Les entraîneurs avec 10 ans d'expérience ont souvent une relation complètement différente avec les arbitres que les entraîneurs débutants. Trois constats qui viennent avec le temps :

Constat 1 : Les arbitres sont des alliés

Les arbitres veulent un bon match. Tout comme toi. Celui qui voit l'arbitre comme un adversaire méconnaît son rôle.

Constat 2 : Les erreurs d'arbitrage s'équilibrent

Au fil d'une saison, les erreurs d'arbitrage s'équilibrent. Parfois, cela te touche, parfois l'adversaire. Sur la saison : équilibré.

Constat 3 : Les matchs sont décidés par les joueurs, pas par l'arbitre

Celui qui perd régulièrement des matchs « à cause de l'arbitre » a un problème de perception. Les matchs se décident sur le terrain.

Comment Coach OS aide à la préparation mentale

Coach OS ne peut pas remplacer la gestion des arbitres. Mais : une planification d'entraînement structurée t'apporte une tranquillité mentale pour les situations de match.

Si, en tant qu'entraîneur, tu as le sentiment « nous sommes bien préparés, l'équipe est solide », tu réagiras différemment aux décisions arbitrales que si tu es intérieurement paniqué. Le calme naît de la préparation.

Coach OS te donne la préparation. Ce que tu en fais sur le banc, c'est ton affaire.
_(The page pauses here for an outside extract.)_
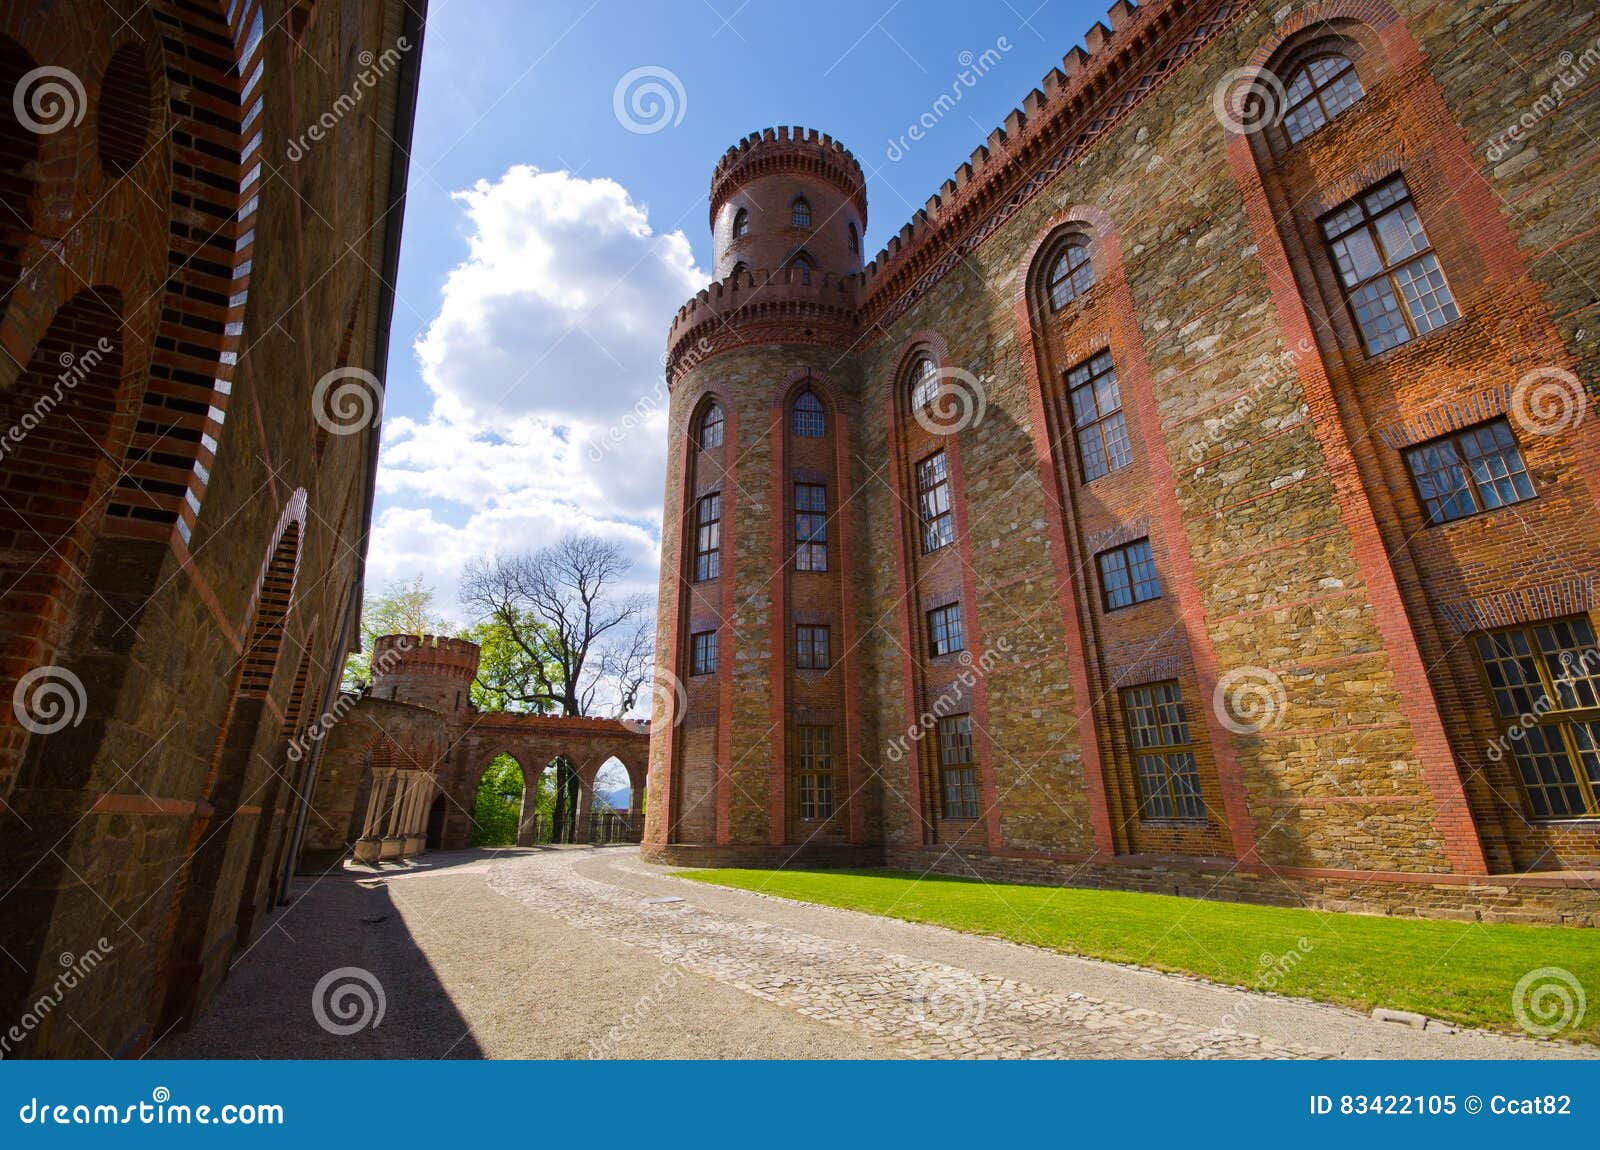 Palace in Kamieniec Zabkowicki, Poland Stock Image - Image of medieval ...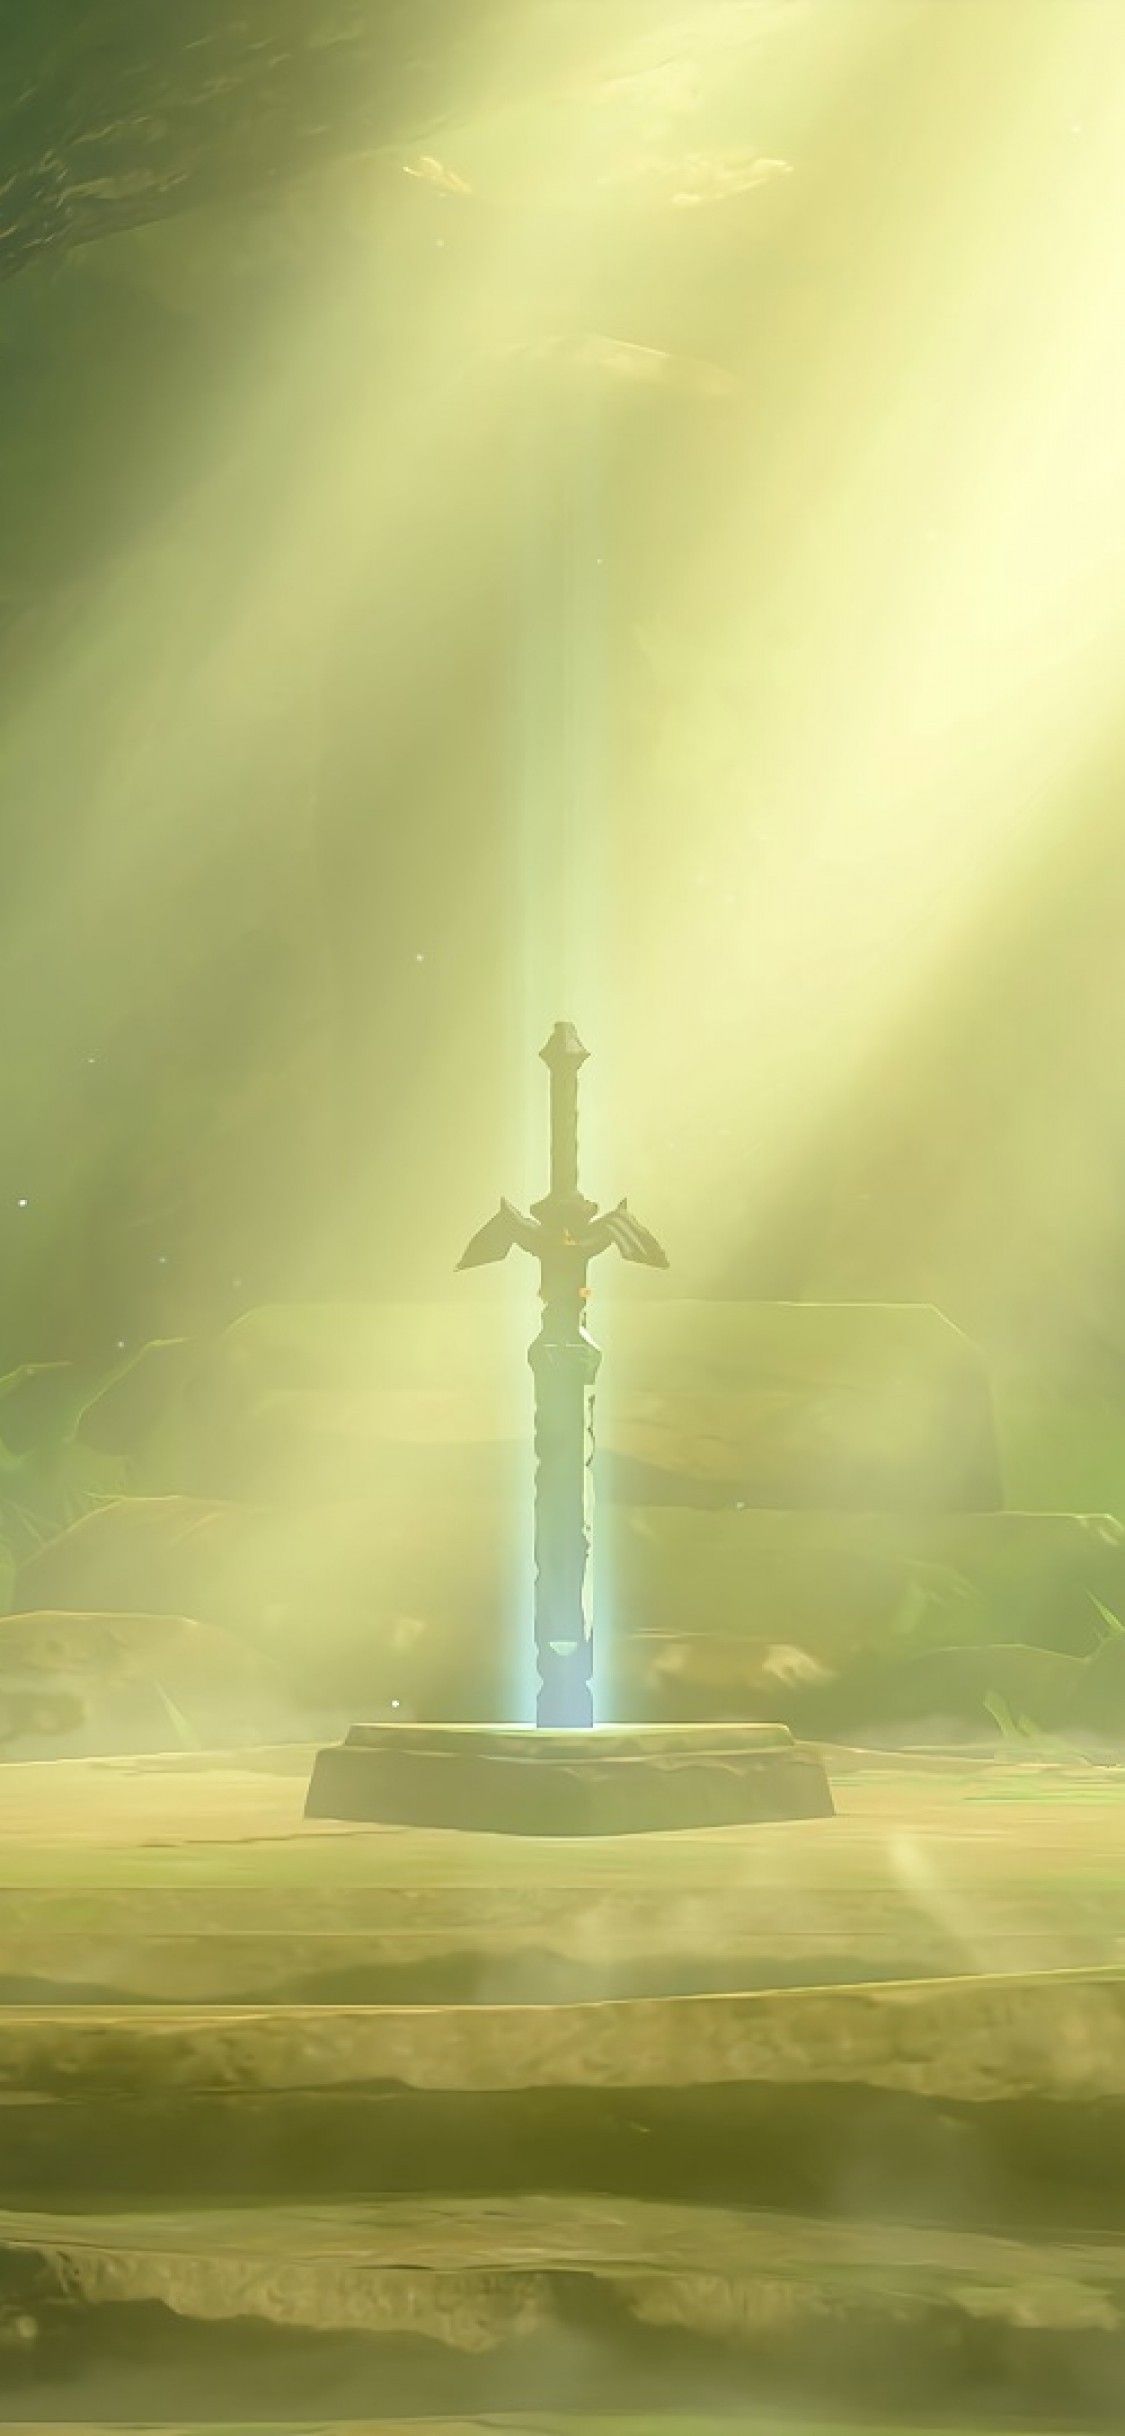 Download 1125x2436 The Legend Of Zelda: Breath Of The Wild, Sword

Foire aux questions sur la gestion des arbitres

Dois-je signaler les arbitres à la fédération ?+
Uniquement en cas d'infractions graves (insultes, discrimination). Pour les erreurs d'arbitrage normales : laisser passer.
Que faire si un arbitre siffle vraiment de manière partiale ?+
Documenter tout au long de la saison. En cas de récidive, en parler avec la direction du club.
Comment éviter que l'équipe réagisse émotionnellement aux erreurs de l'arbitre ?+
Établir une règle claire. L'appliquer systématiquement. Récompenser l'équipe si elle garde son calme.
Dois-je demander des éclaircissements à l'arbitre avant le match sur certaines interprétations des règles ?+
Non. Présente-toi tout au plus. Les clarifications émergent du jeu.
Comment gérer les arbitres qui deviennent eux-mêmes agressifs ?+
Rester calme. Après le match, en parler avec la direction du club, si nécessaire, le signaler officiellement.
Que faire si les joueurs n'arrêtent pas de discuter, malgré la règle ?+
Remplacer systématiquement. L'effet d'apprentissage se produira.

Conclusion : La gestion professionnelle des arbitres est un facteur distinctif pour les bons entraîneurs

L'entraîneur qui gère les arbitres de manière professionnelle améliore l'ambiance au sein de sa propre équipe, aide les parents en tribune à rester calmes et soutient le jeune arbitre à continuer d'officier.

Sur une saison, cela s'accumule. Tu seras respecté en tant qu'entraîneur, ton équipe sera perçue comme fair-play, ton club aura moins de problèmes avec les arbitres.

Tout cela ne se fait pas du jour au lendemain. Mais chaque saison est une nouvelle opportunité de devenir un peu plus professionnel.